Isen will be 16 weeks tomorrow...and he is growing! He's losing his innocent puppy face! Earlier this week his ear went down. He's been chewing even more than normal and has a preference lately for softer toys, so I'm thinking he's teething. Training is coming along very well! Loves going to the Schutzhund Club. I really like his temperament. He's always happy and very outgoing : ) When at the club and working with other pups, he remains focused on what is being asked and gives it his all...he showing very nice drives : ) 

In our spare time one thing we love doing is conquering obstacles. He loves challenges. I've found a wooden playground that has a wooden ladder we are going to learn. He has no fear and I love that. Overall he's just a happy boy and I couldn't be more proud of his progress!


----------



## DJEtzel (Feb 11, 2010)

He is super cute! Great to hear he's coming along well!


----------



## d4lilbitz (Dec 30, 2013)

DJEtzel said:


> He is super cute!

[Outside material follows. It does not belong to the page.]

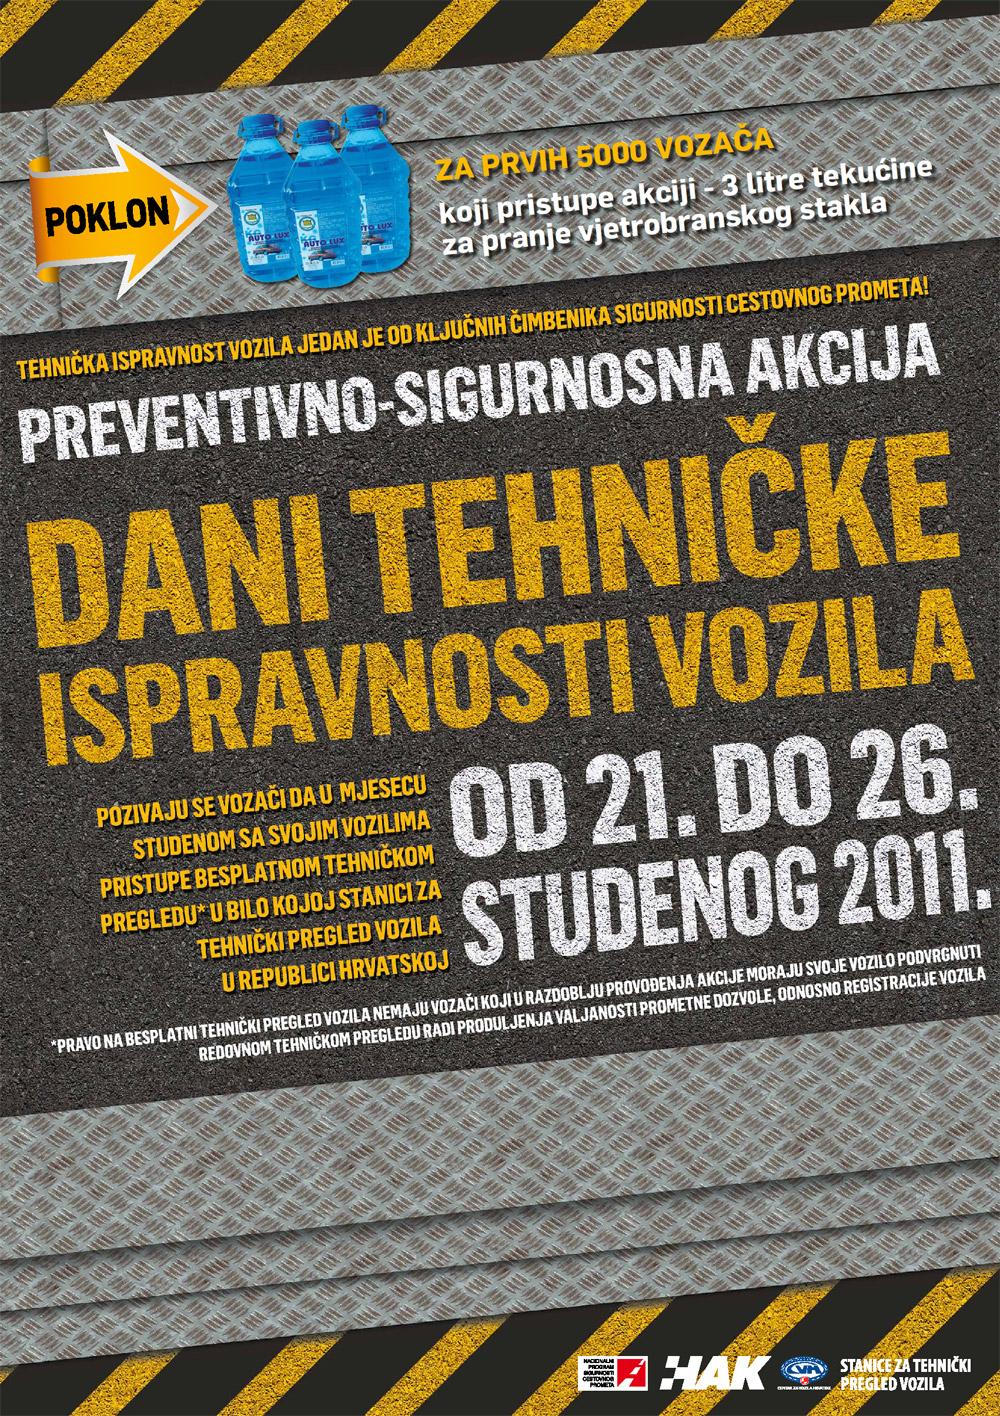 "Plakat ""Dani tehničke ispravnosti vozila"""

Great to hear he's coming along well!


 
Thanks DJEtzel!


----------



## Alice13 (Feb 21, 2014)

He is still vry cute and I am sure he is going to grow up to be a handsome boy

Sent from Petguide.com Free App


----------



## eddie1976E (Nov 7, 2010)

Love the color on him and his "look". Can't wait to see him as an adult.


----------



## d4lilbitz (Dec 30, 2013)

*7.5 months!!!! Pictures, pictures, pictures!!!*

Some pictures of Isen from 6 - 7.5 months! He's really grown : ) While he no longer looks like a puppy, he still very much acts like one! IPO training is coming along nicely! We're both learning to work as a team and improve everyday. Most importantly....we have fun! You can see now how things are starting to click with him 

Isen's temperament is wonderful! Such a rock solid dog. To this day he hasn't met a person he doesn't like : ) I can take him anywhere and he's so well behaved!






***The pictures of the temperament test were take by our club photographer, Dawn Miller (Car2ner). ***


----------



## 3dogcrew (Apr 23, 2006)

Isen gets a TEN from us !!


----------



## lorihd (Nov 30, 2011)

he is gorgeous, cant wait to see him mature.


----------



## VTGirlT (May 23, 2013)

What a cutie!!! He has handsome :wub:


----------



## d4lilbitz (Dec 30, 2013)

3dogcrew said:


> Isen gets a TEN from us !!


Thanks Cindy! I feel the same about Dock! He's amazing! 



[email protected] said:


> he is gorgeous, cant wait to see him mature.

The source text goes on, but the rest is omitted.